# Muth Jar Update & Poll



## Michael Bush (Aug 2, 2002)

I'm interested in them all. I have sold a lot of the 4 and 8 and always wished I had a 1 pound and 2 pound. My guess is that the 1 pound would sell better than the 2 as I sell it as a high end product beause of the cost of the jars, but many peopel buy it as much for the jar as the honey...


----------



## Cessna180 (Jan 31, 2009)

I'd love to get the 8 and the one pounders.
Mike in Alaska


----------



## GaSteve (Apr 28, 2004)

I love the 4 oz. jars. and have sold a ton of them -- especially for wedding favors and Christmas baskets. I would love to see them come back.


----------



## deknow (Jul 17, 2006)

...we had someone buy one the other week because she had a ship in a bottle at home....missing a cork! she thought it looked about the right size.

deknow


----------



## deknow (Jul 17, 2006)

how big is the opening on the 1 and 2lb versions...if a spoon could get in there, it would be easier to sell.

deknow


----------



## ChickenWing (Dec 6, 2006)

blueskybeesupply said:


> 4 OUNCES - Last national supply had a mis-print "PUPE"

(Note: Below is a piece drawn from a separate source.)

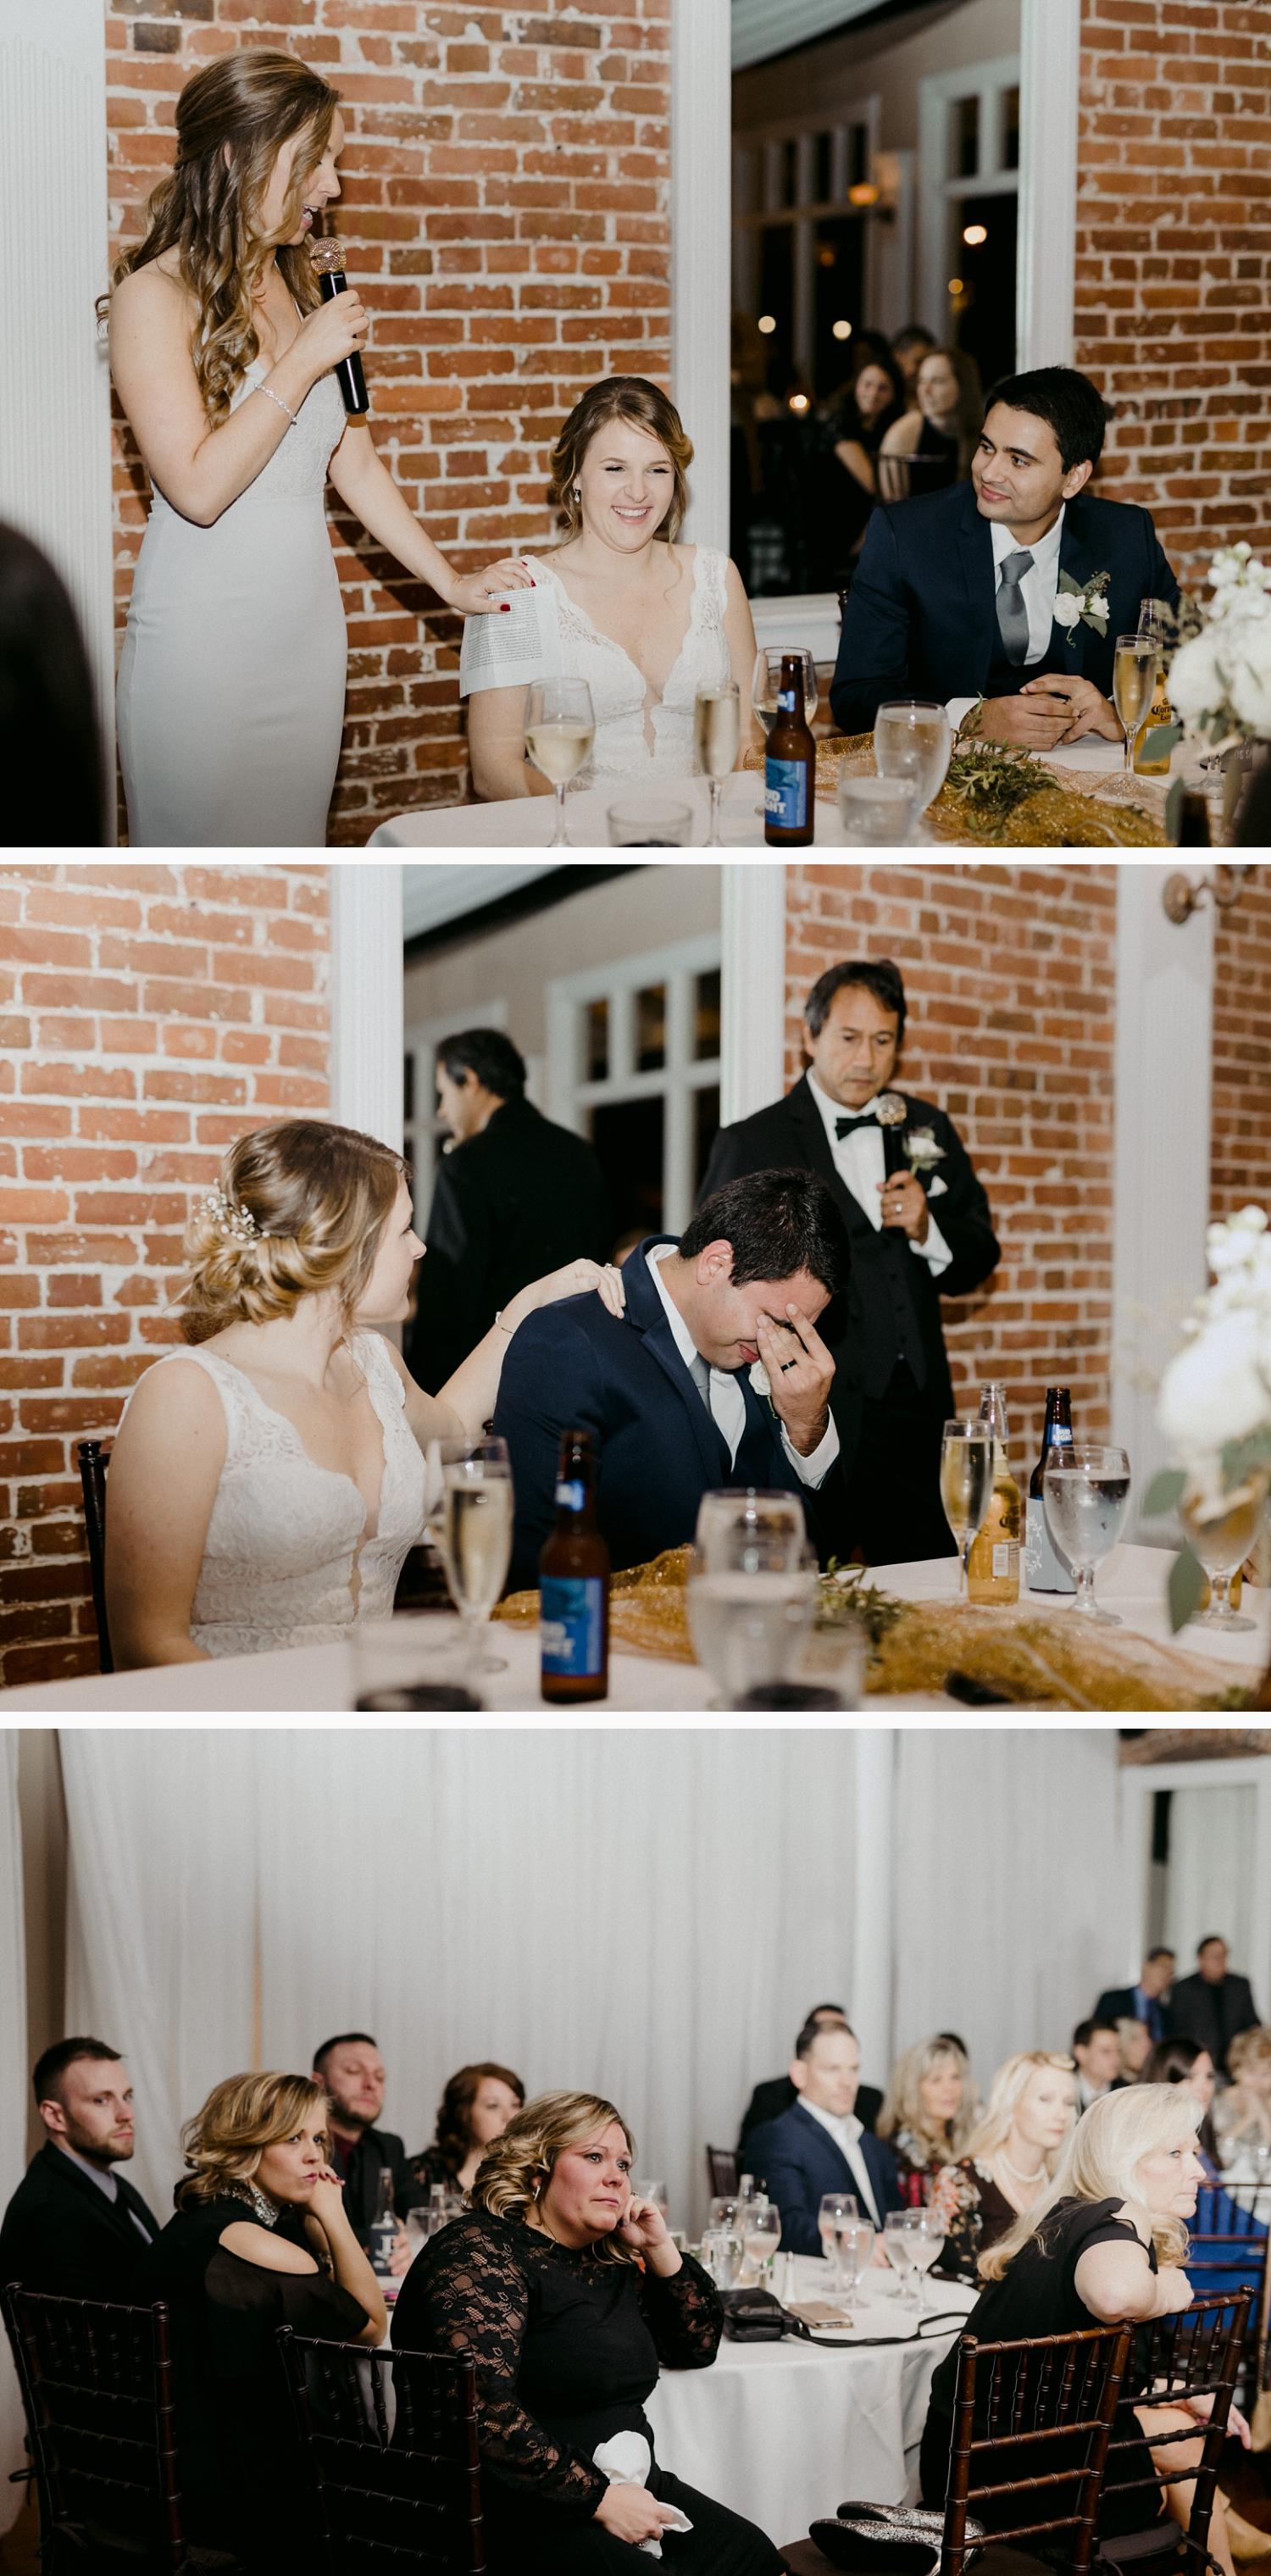 Tiffany-And-Junior-The-White-Room-St-Augustine-Wedding_0045.jpg

That made milk come out my nose


----------



## blueskybeesupply (Dec 11, 2007)

They probably could have made another typo that wouldn't have been much better . . . inch:

For the 1 POUND, it fits some of my spoons fine, which are 1.25". The 2 POUNDS would have the same opening, so the same cork could be used.


----------



## NasalSponge (Jul 22, 2008)

The one pounder would be very cool. I am currently talking to a glass blower about having some custom hand blown bottles made for top shelf clients...what ever that means. Also something else I do is after filling a cork top bottle i dip it in wax to seal the cork to the jar.


----------



## Omie (Nov 10, 2009)

Muth jars are very beautiful.
A good friend of mine gave me a real antique one (and no it doesn't say 'PUPE', lol!) It's a one pound and *here is a photo I took* on my kitchen counter a couple of days ago, with some lettuce and kohlrabi freshly picked from our (bee pollinated) garden.


----------



## blueskybeesupply (Dec 11, 2007)

Nice photo! 

The 2 POUND Muth jar we have looks PURPLE, compared to the newer clear glass versions. It also has small bubbles and such in the glass.


----------



## NasalSponge (Jul 22, 2008)

Love the photo...could be on a mag cover!


----------



## mythomane (Feb 18, 2009)

I do not understand why the "future is hazy" for any of these jars. People love them, and they have been around forever. With new routers it is pretty easy to make a mold, even though there already seem to be molds in existence for 3 of the 4 sizes.


----------